HOW Claims Article
On Court Case WrongAn article in your paper (JofC, Oct. 7) described the action the Supreme Court took in HOW's litigation with the state of Georgia over our status as a risk retention group under federal law. Unfortunately the article was incorrect in its reporting of the facts and in concluding that HOW will have to register as an insurance company in each state of operation.
We have been accused of concealing the fact that we are now out of business because of the Supreme Court's ruling. Nothing could be further from the truth.
The federal District Court in Georgia, and the District Court earlier in Delaware, did rule that HOW is a legitimate operation of a risk retention group, but the Georgia State Insurance Department appealed the case to the 11th U.S. Circuit Court of Appeals.
The appeals court ruled that there was not enough evidence to determine whether the risk for builders was spread in years three through 10 of the program, and whether risk spreading was the primary activity of the group. The case was sent back to the District Court for more evidence on these two points. But at the same time, the court did not rule that HOW cease operations.
HOW is in full operation in Georgia and we are not required to register as an insurance company there or in any other state other than our chartering state. Even if the court's decision were to go against HOW, it would only affect our operations in Georgia.
The Risk Retention Act was recently amended to broaden the scope of activity of risk retention groups and we feel that the amendments further weaken the state insurance department's arguments.
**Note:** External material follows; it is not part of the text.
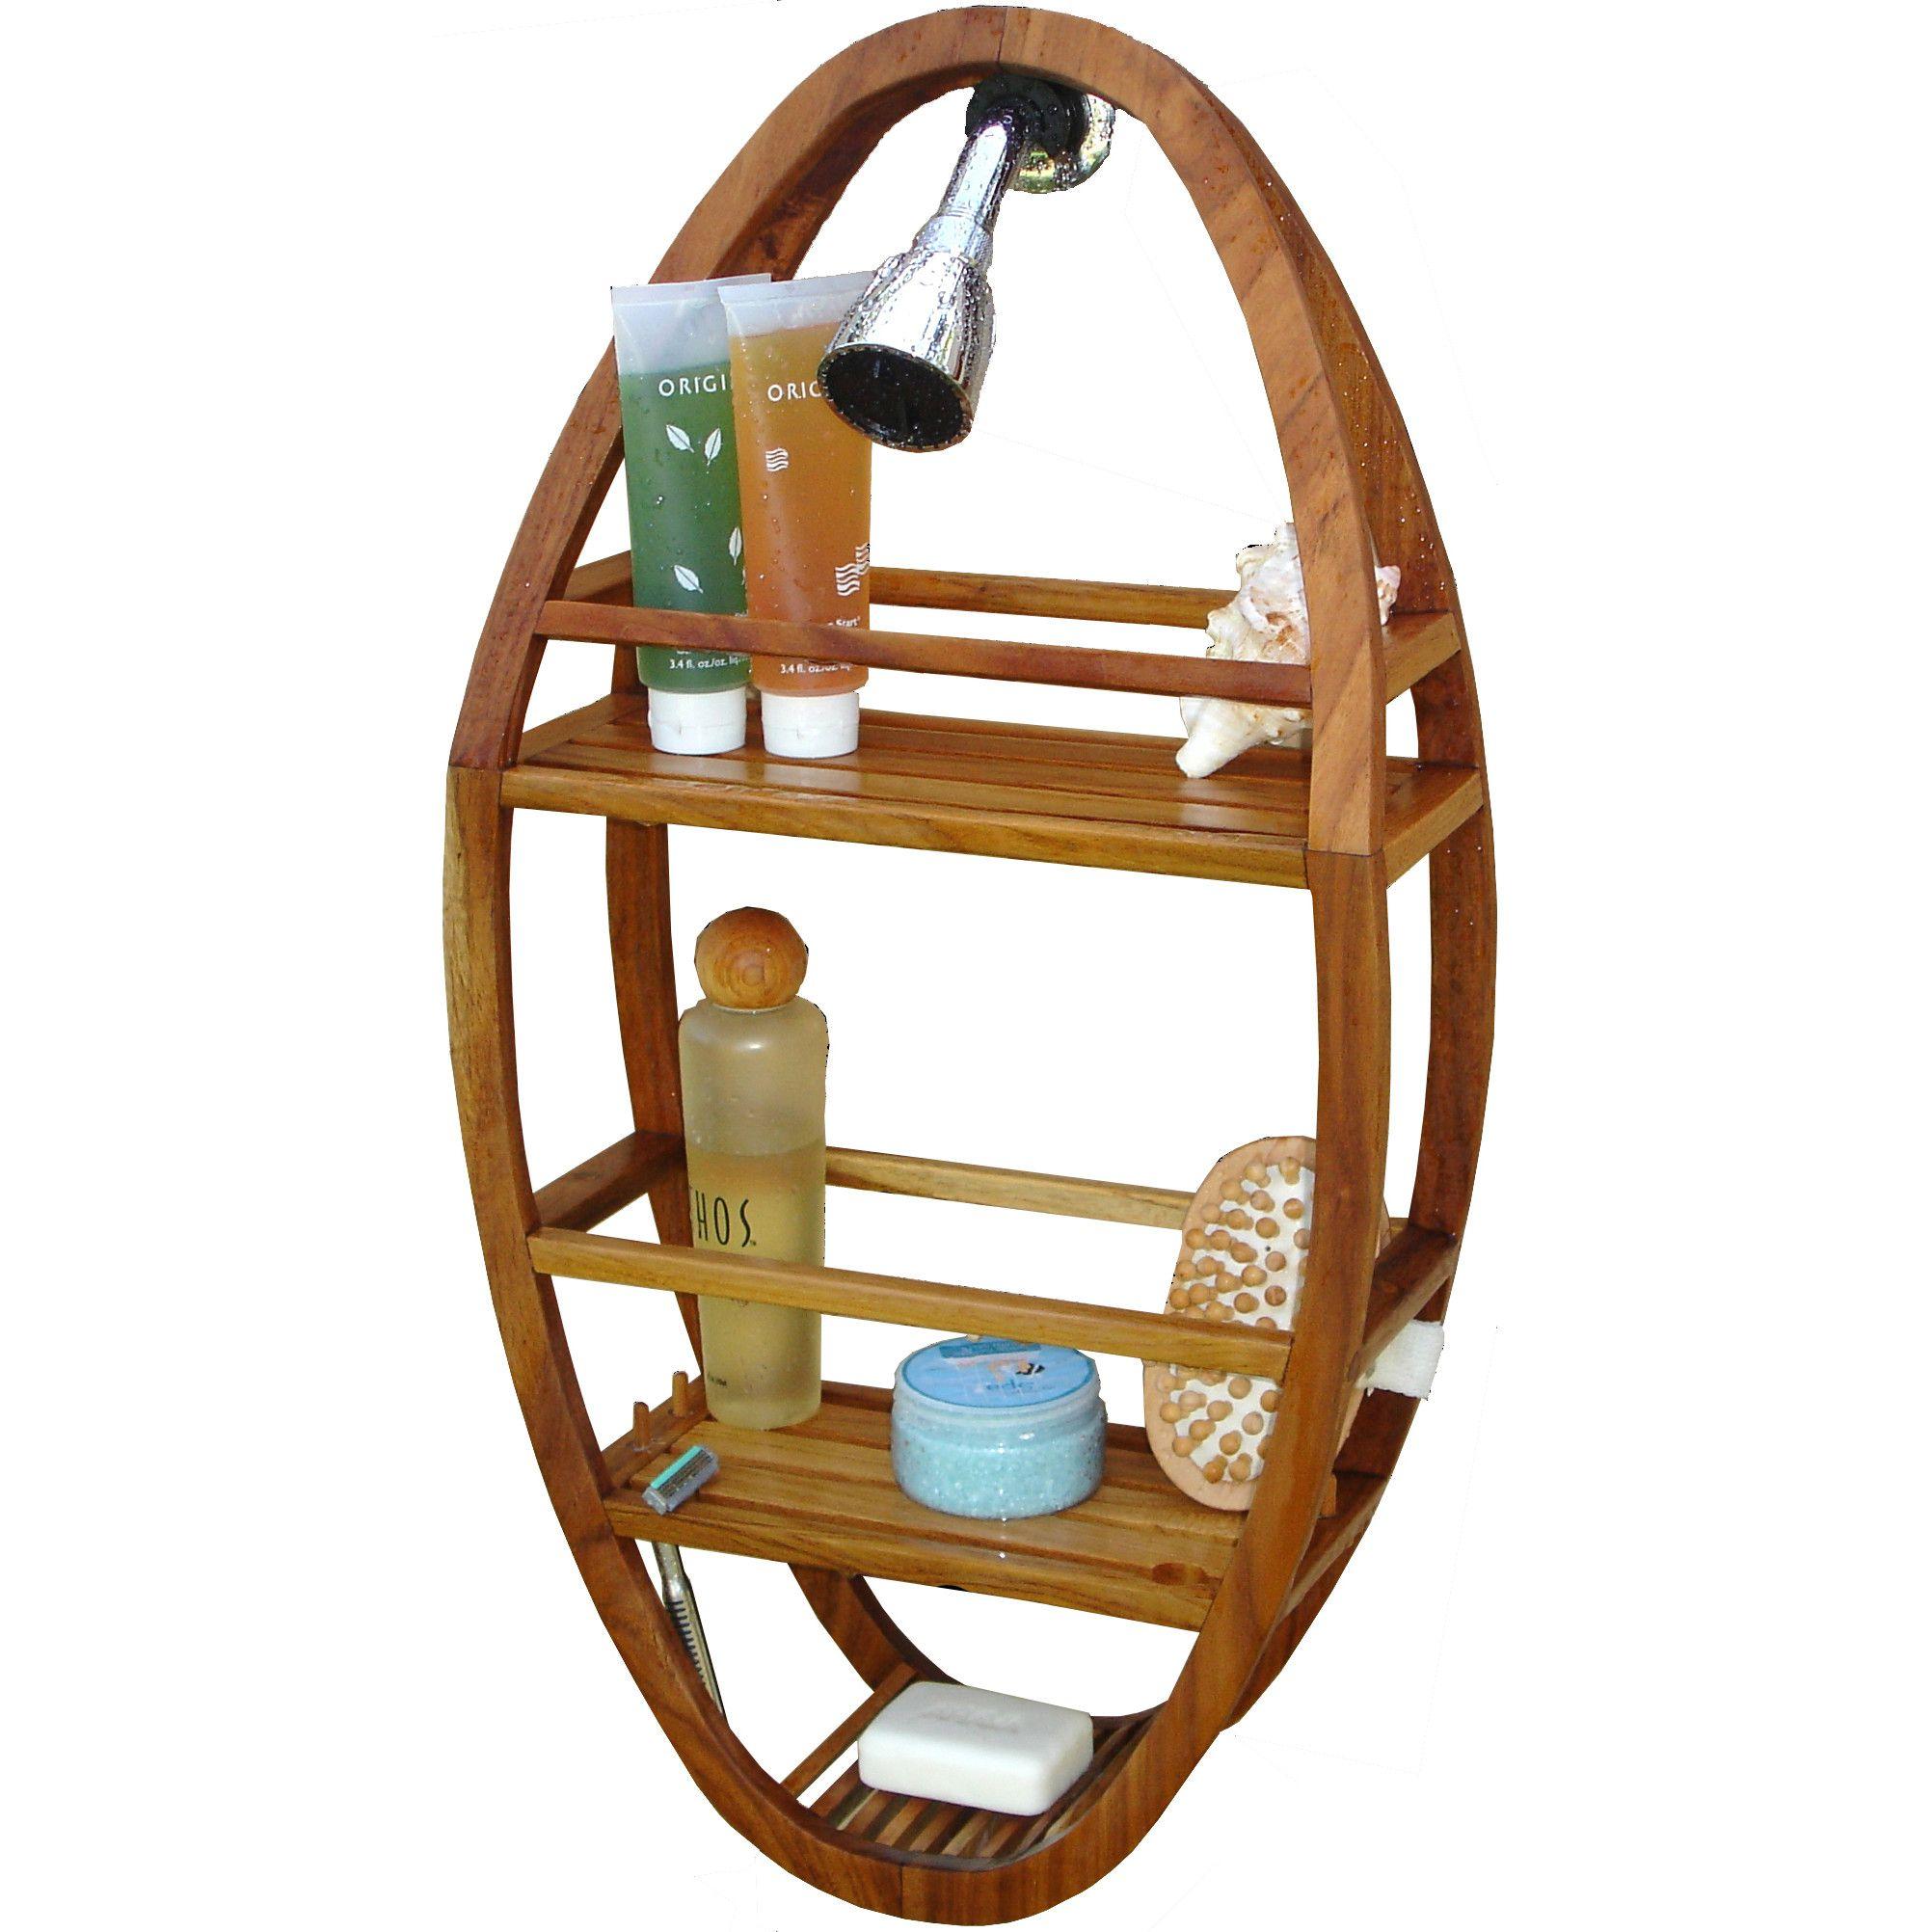 Teak Spa Teak Oval Shower Organizer, ideal for a \

The facts are that the HOW Insurance Co. continues to operate in all states under the Risk Retention Act; we continue to be fully and aggressively regulated by our state of domicile, Delaware; we continue to insure a portion of the product liability risks of our builder members; and we continue to grow and be a responsible and successful member of the insurance community.
Jeffrey S. Bragg President HOW Insurance Co. Washington, D.C.
Staff Works Hard
At Marad Offices
Marc Felice expresses concern (JofC, Nov. 17) over some incorrect figures that appeared in one table of the 50-page report, "Inventory of American Intermodal Equipment 1986," prepared by this office.
I accept full responsibility for these errors as director of this office. I am appalled, however, and do not comprehend why The Journal of Commerce would publish Mr. Felice's characterization of me and my staff as ''uninterested government paper-pushers who just wait out the required number of years so that they can retire with comfortable government pensions."
I consider this personal attack an unwarranted criticism and uncharacteristi c reporting on the part of The Journal of Commerce, an organization I have respected and worked with for many years.
As many in industry, government and the media, including your own staff, can attest, this office does reputable work and uses the taxpayer's dollar well. I am proud of the performance, hard work and dedication of the men and women who staff this office.
John M. Pisani, Director Office of Port and Intermodal Development Maritime Administration Washington, D.C.
Concerning your article on Henry Engelbrecht (JofC, Oct. 23),it is important that the shipping industry understands that marine arbitrators are not appointed "to represent" the party who selects them. It is a basic tenet of the procedures and code of ethics of the Society of Marine Arbitrators Inc., that party arbitrators shall come to the dispute with a totally open mind, be ready to hear the evidence offered by both sides and to render a totally impartial decision based on the evidence.
Michael A. van Gelder Marine Arbitrator New York, N.Y.